* [What you are asked to do]: Word for word, copy out the entries below, but not the pictures in them.

* [Exercise input]:

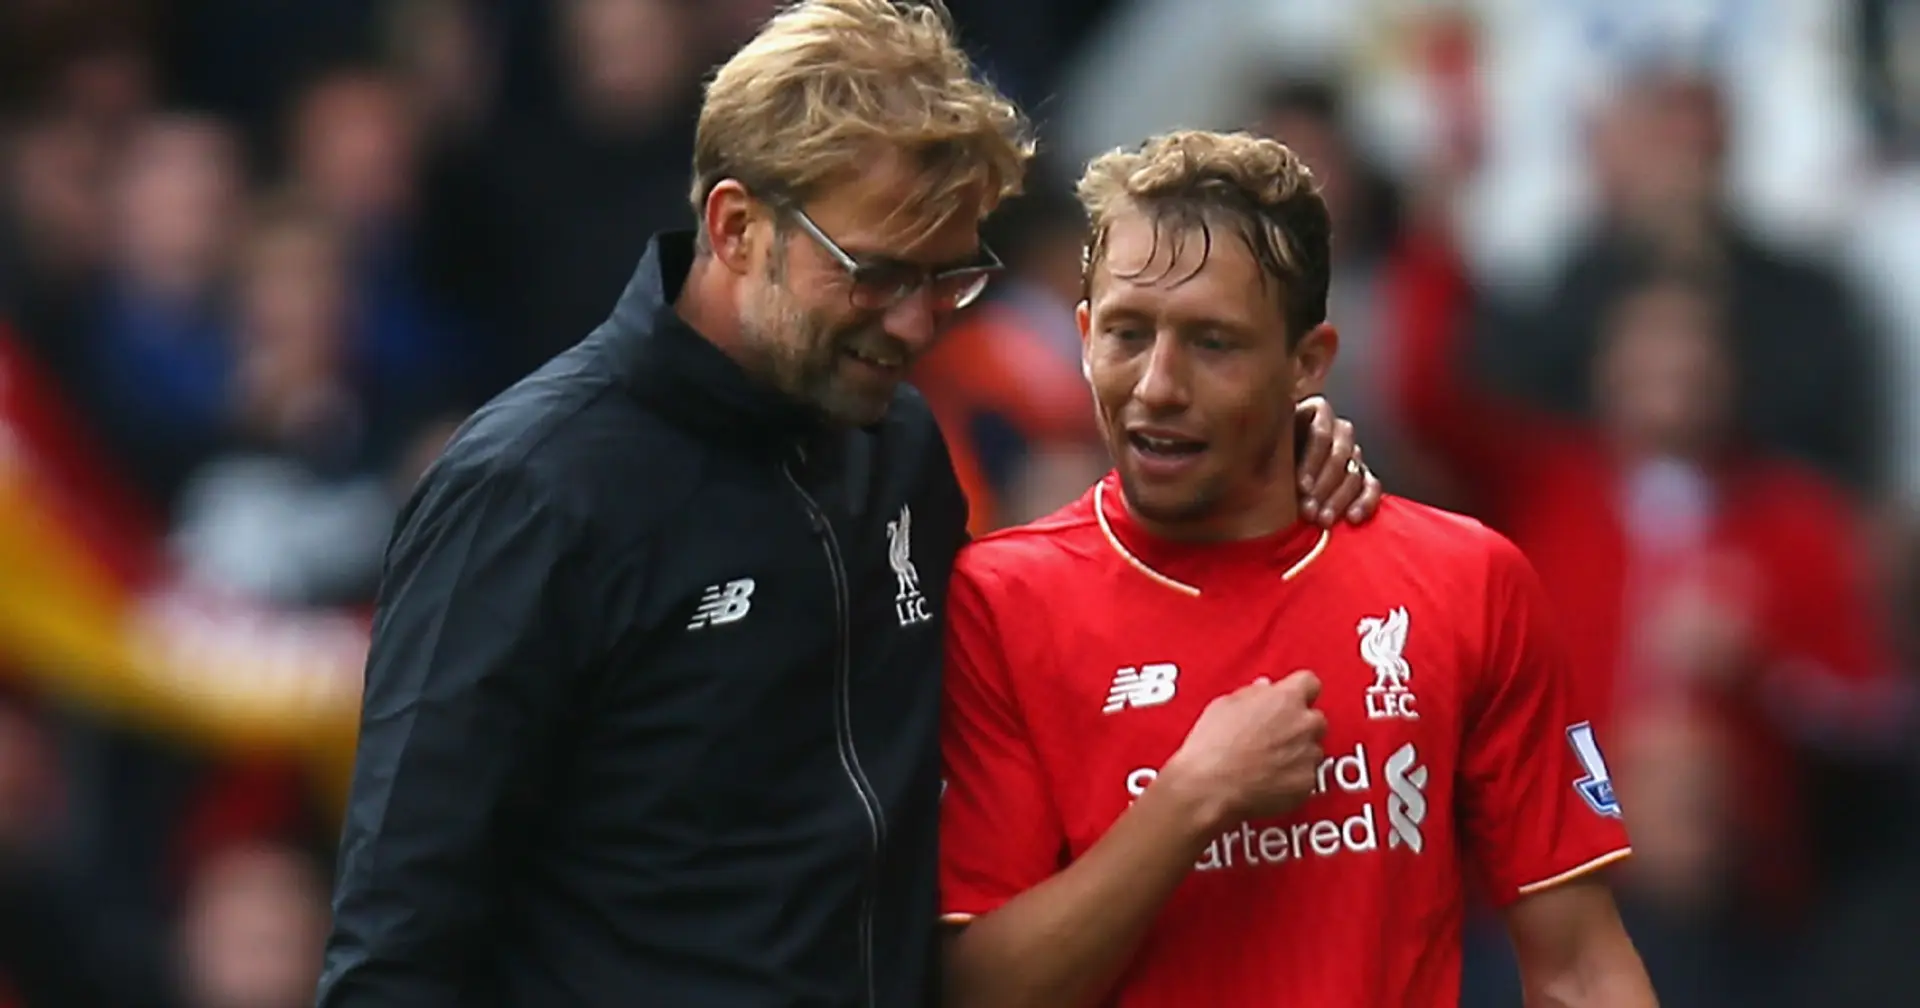 'He was a great manager for me': Lucas Leiva explains his admiration for Jurgen Klopp
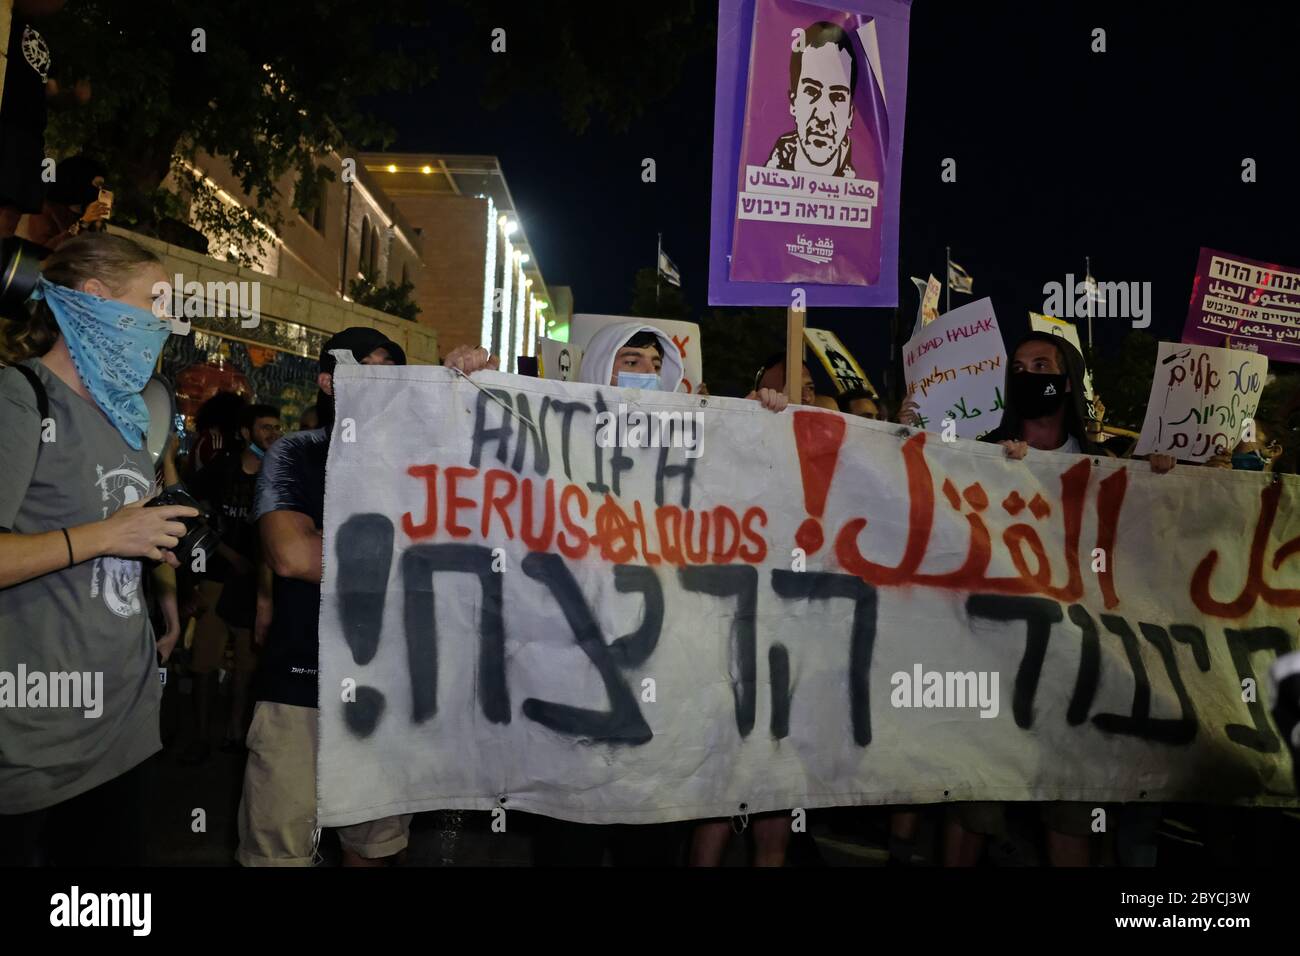 Jerusalem, Israel. 9th June, 2020. Left-wing activists attending a protest in Jerusalem on June 9, 2020 against the killing of Iyad Hallak, a disabled Palestinian man shot dead by Israeli police as well of the killing of unarmed African-American George Floyd. Credit: Eddie Gerald/Alamy Live News Stock Photo
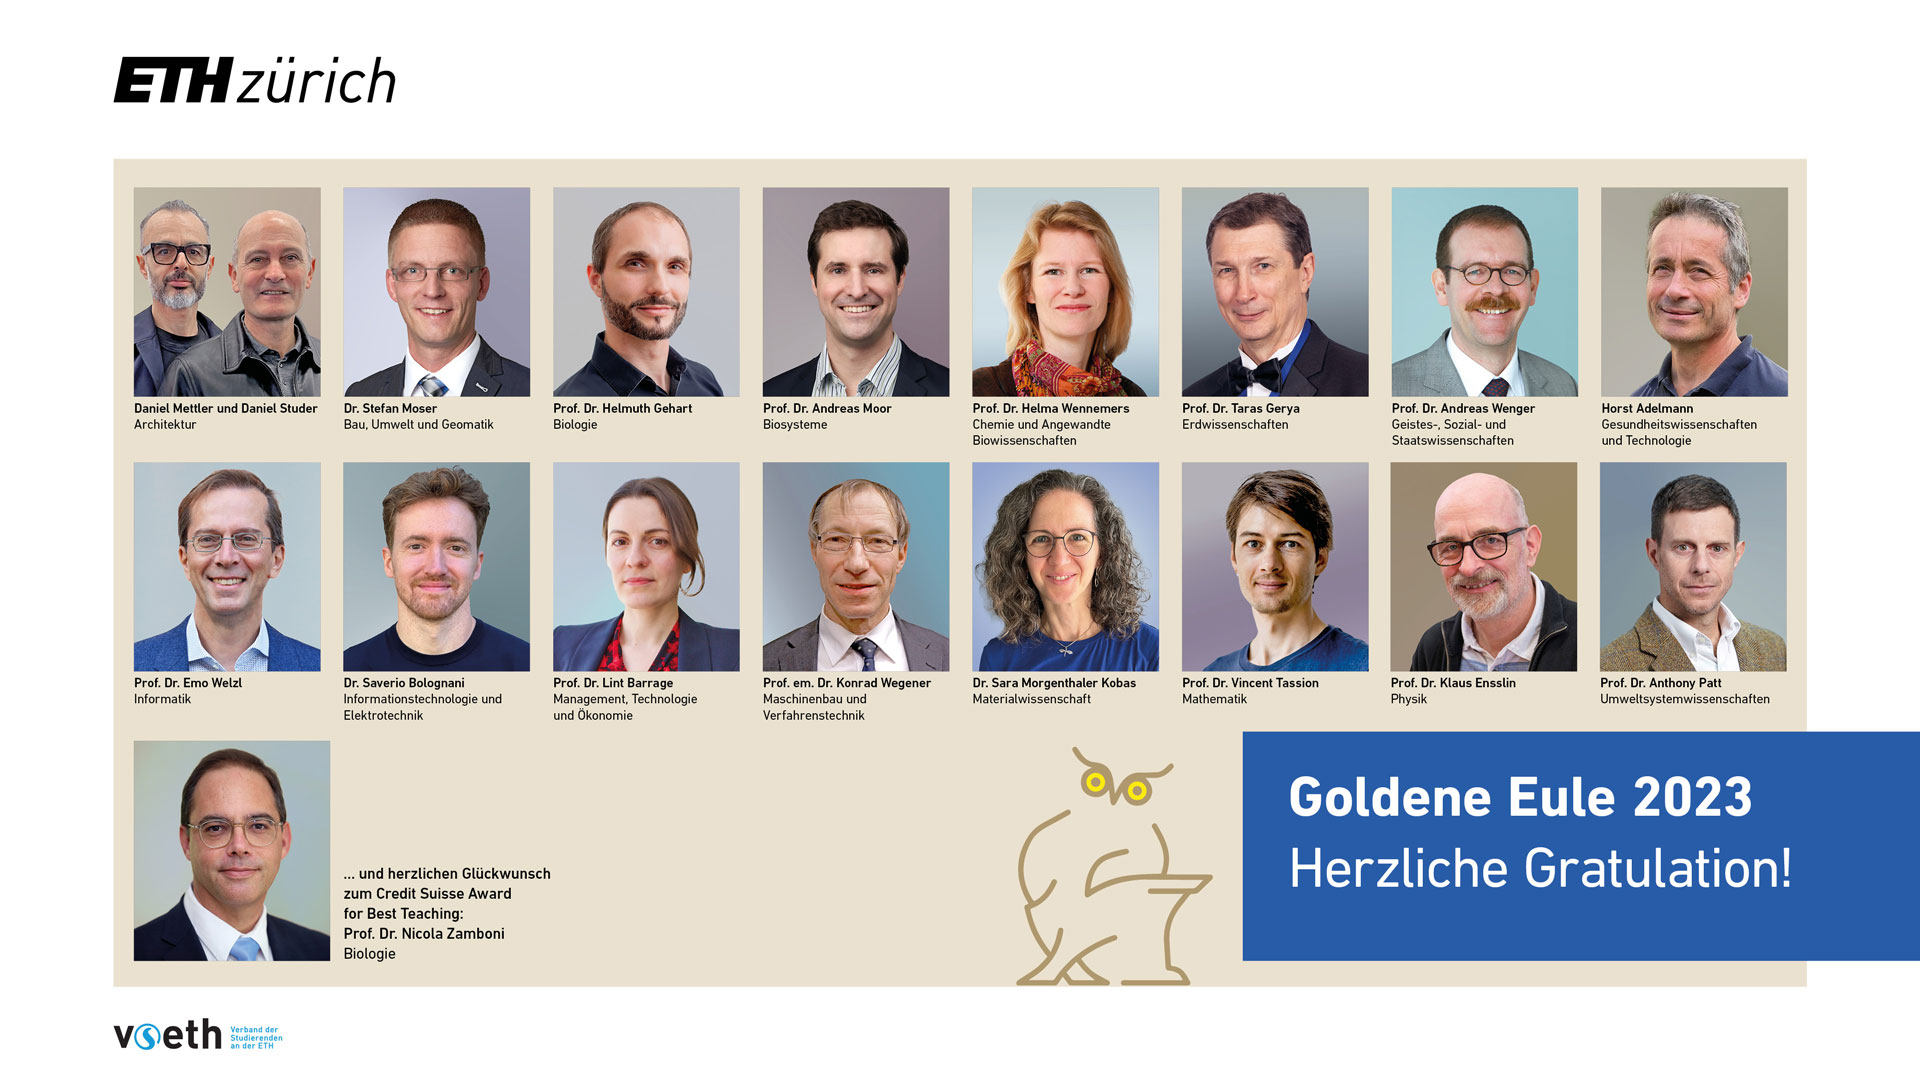 Enlarged view: Golden Owl Awardees in 2023
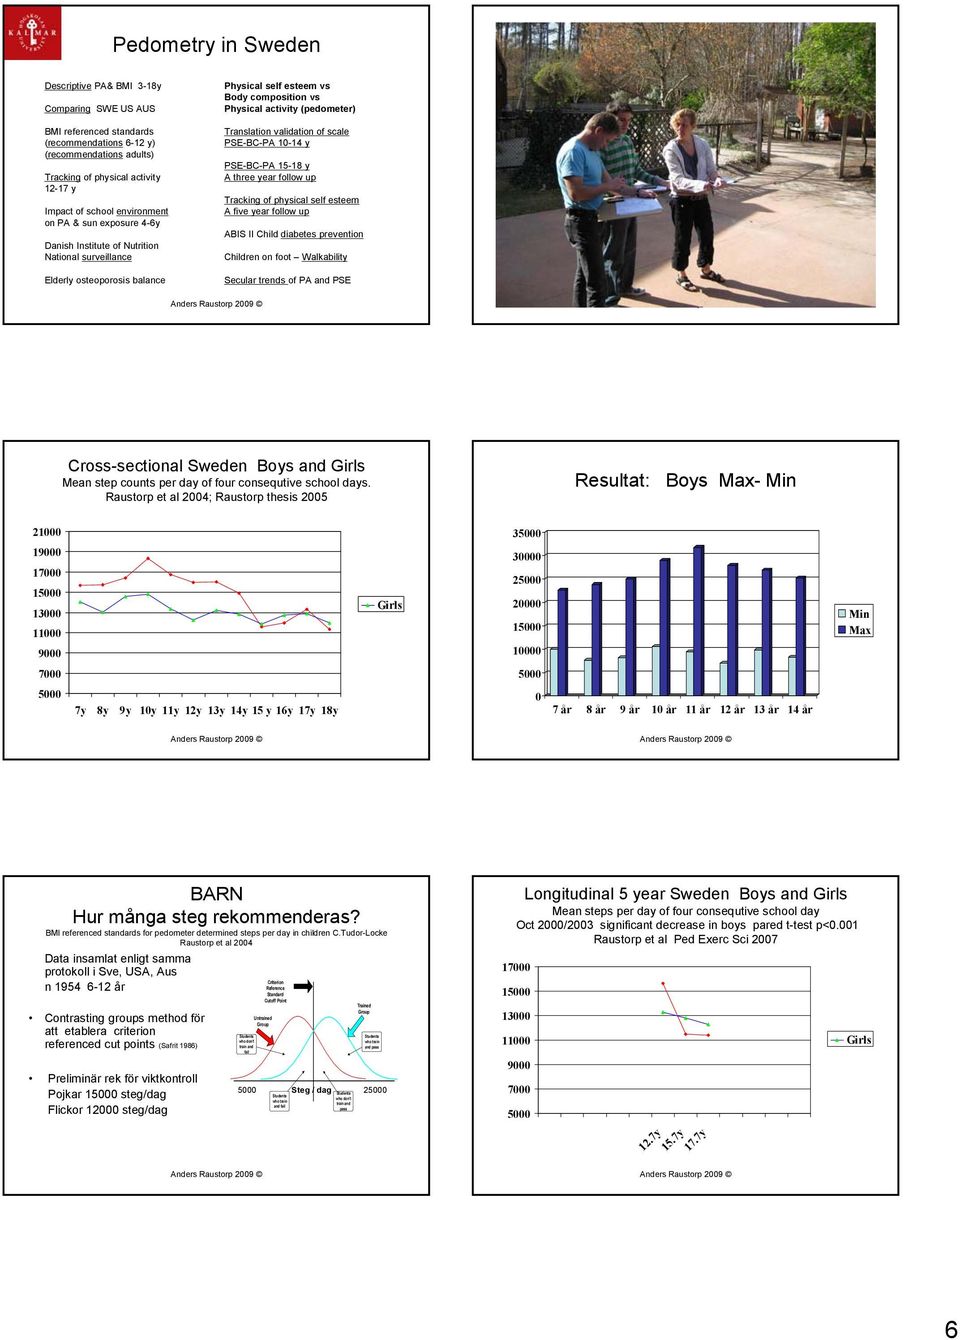 Translation validation of scale PSE-BC-PA 10-14 y PSE-BC-PA 15-18 y A three year follow up Tracking of physical self esteem A five year follow up ABIS II Child diabetes prevention Children on foot
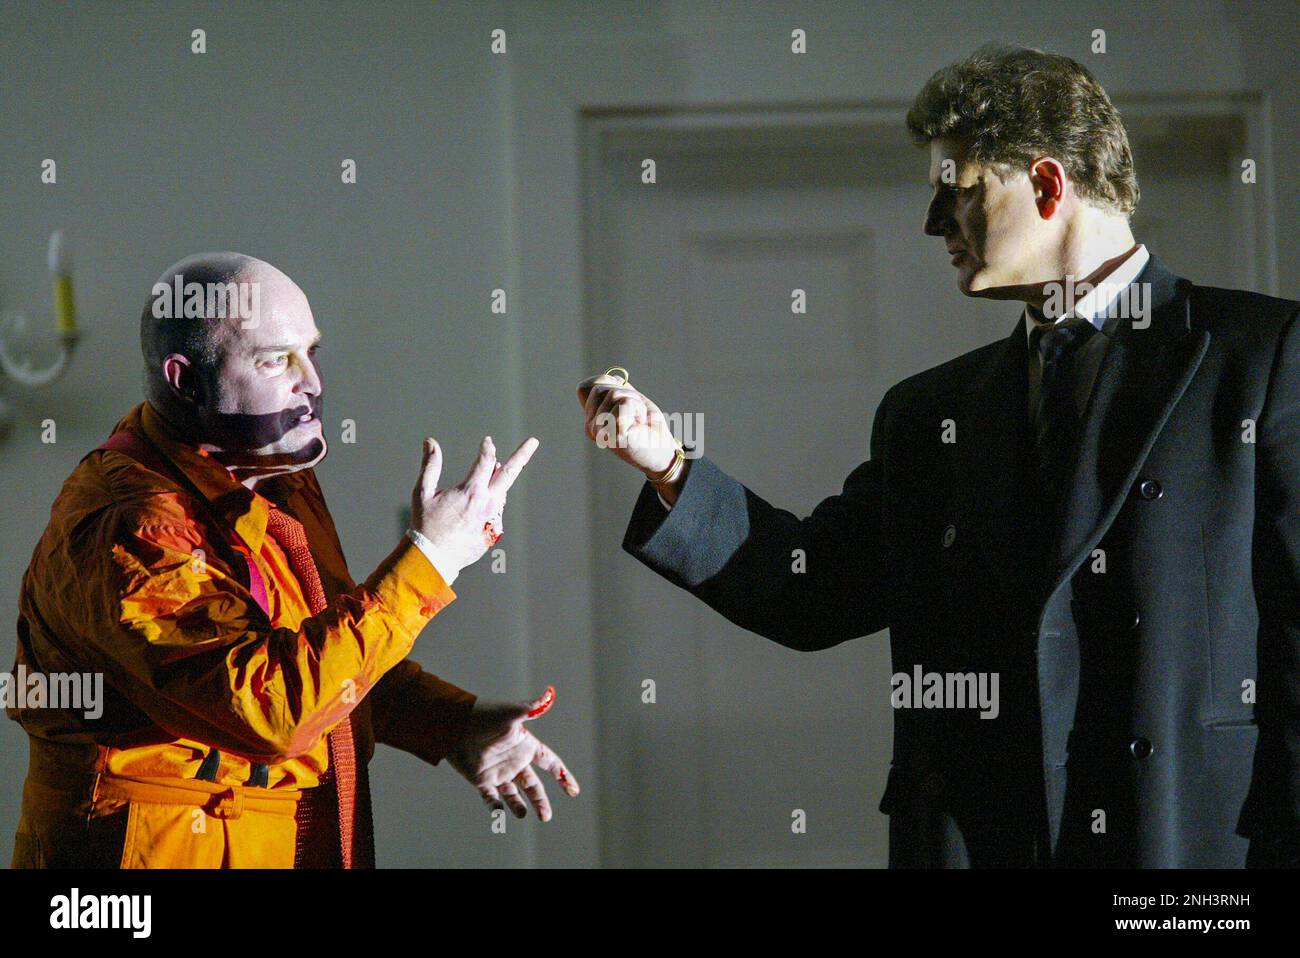 l-r: Andrew Shore (Alberich), Robert Hayward (Wotan) with the Ring in THE RHINEGOLD by Wagner at English National Opera (ENO), London Coliseum, London WC2  27/02/2004  conductor: Paul Daniel  design: Richard Hudson  lighting: Simon Mills  choreographer: Claire Gaskin  director: Phyllida Lloyd Stock Photo

* [Output for this exercise]:
 'He was a great manager for me': Lucas Leiva explains his admiration for Jurgen Klopp
 Jerusalem, Israel. 9th June, 2020. Left-wing activists attending a protest in Jerusalem on June 9, 2020 against the killing of Iyad Hallak, a disabled Palestinian man shot dead by Israeli police as well of the killing of unarmed African-American George Floyd. Credit: Eddie Gerald/Alamy Live News Stock Photo
 Enlarged view: Golden Owl Awardees in 2023
 Translation validation of scale PSE-BC-PA 10-14 y PSE-BC-PA 15-18 y A three year follow up Tracking of physical self esteem A five year follow up ABIS II Child diabetes prevention Children on foot
 l-r: Andrew Shore (Alberich), Robert Hayward (Wotan) with the Ring in THE RHINEGOLD by Wagner at English National Opera (ENO), London Coliseum, London WC2  27/02/2004  conductor: Paul Daniel  design: Richard Hudson  lighting: Simon Mills  choreographer: Claire Gaskin  director: Phyllida Lloyd Stock Photo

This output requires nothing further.